In our case, we focus on the Tents puzzle from the PUZZLES Benchmark, taking this from my report:

“A number is assigned to each row and each column, which indicates how many ’tent’ cells should be placed there. Each ’tent’ has to be placed next to a ’tree’. No two tents are adjacent, not even diagonally. Sometimes, a tree is adjacent to more than just its own tents, but it is always orthogonally adjacent to its own tent (i.e. sharing a side with it). The rest of the cells are filled with ’grass’. Importantly, this puzzle features a unique solution.”

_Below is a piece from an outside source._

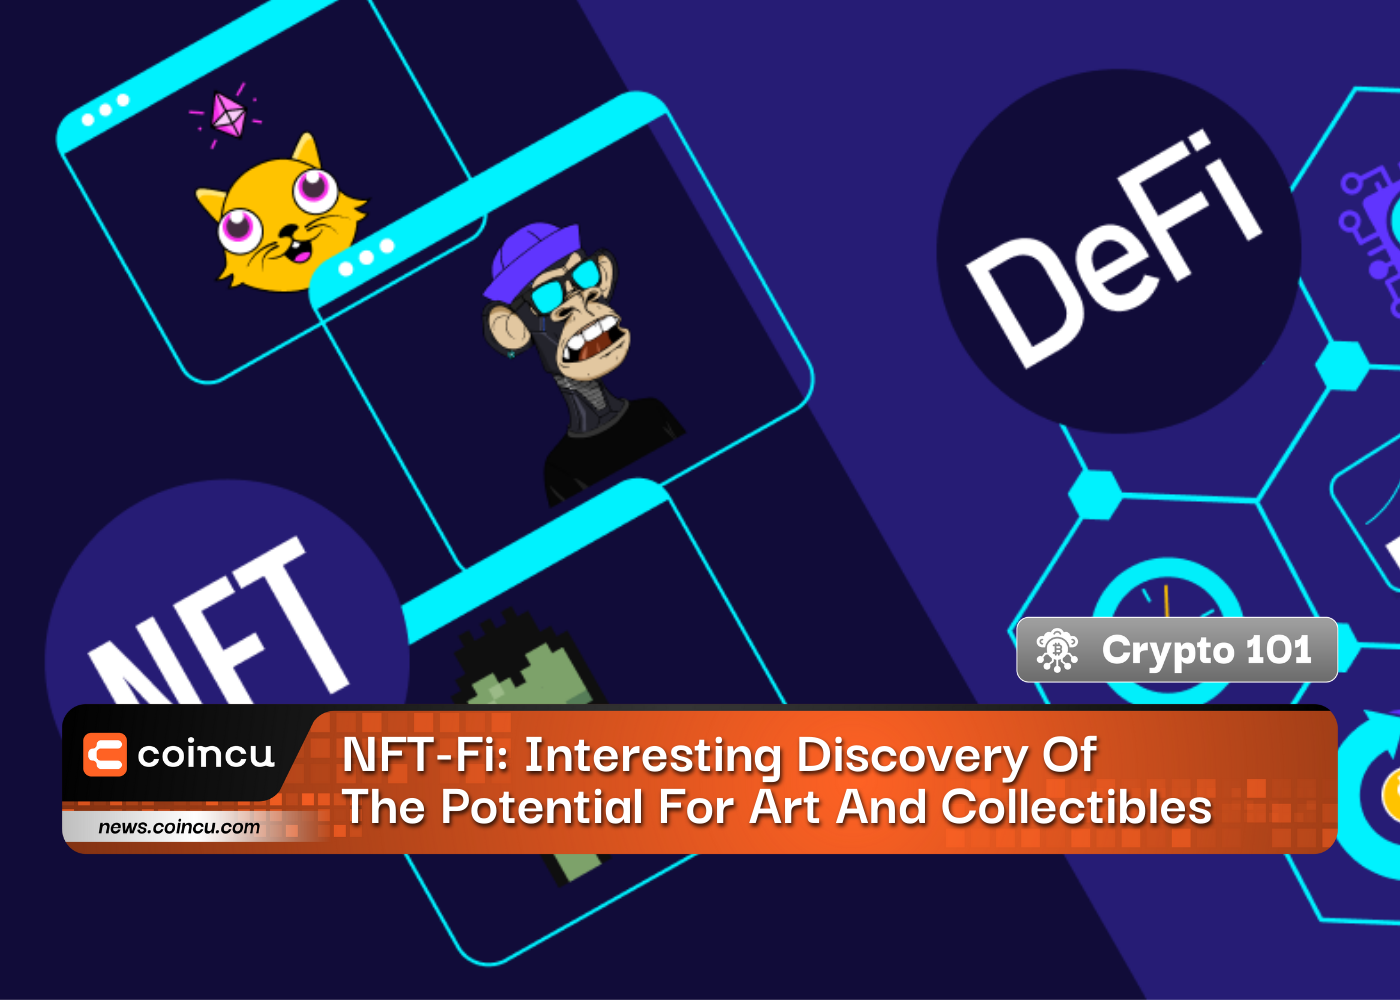 NFT-Fi: Interesting Discovery Of The Potential For Art And Collectibles

You can see an example of this below. The visualization also shows conflicts, but we do not need to discuss those at the moment.

Extrapolate!!!

If you heard something about deep learning you know it can approximate complex functions, so if we give it enough samples which show unsolved puzzles and their respective solutions, it will eventually find a good predictor. However, this is not the goal. The goal here is to look at what happens if a model trained on small examples, in our case 5x5 grids, now has to solve a puzzle on a 6x6 grid. Can it do it? Humans wouldn’t struggle for a minute, the rules generalize exactly as you would expect, but models will. The questions are, why and what can we do about it.

As input and output contain the same number of parts, it is natural to use a transformer encoder. To encode the relative positions of input tokens, we can use rotational embeddings. We stack a couple layers like this, and as outputs are one of 4 classes (empty, grass, tree, tent) we can train end-to-end using cross entropy. Final metric? How many puzzles can we fully solve, something I refer to as instance accuracy.

The careful reader has noticed: this has nothing to do with diffusion. True, or at least not yet. This is just straight one-shot prediction, or as I will call it for the rest of the post encoder model. During inference, however, we can use this model to mimic diffusion. To do that, we let the model solve cell by cell. We first let the model predict on all cells, however, we then look at the highest logit (most confident prediction), consider that a turn that the model has played on the puzzle, and insert that back to the starting grid. Notice that now the input changes: we have already solved one cell. Sequentially, we can decode step by step. Once again, is this diffusion? Well, yes, for more theoretical explanation why this is equivalent, please check the full report. During training, we additionally include partially unsolved examples, which makes the model aware of information from partial solutions. And there we are, a diffusion model for solving puzzles!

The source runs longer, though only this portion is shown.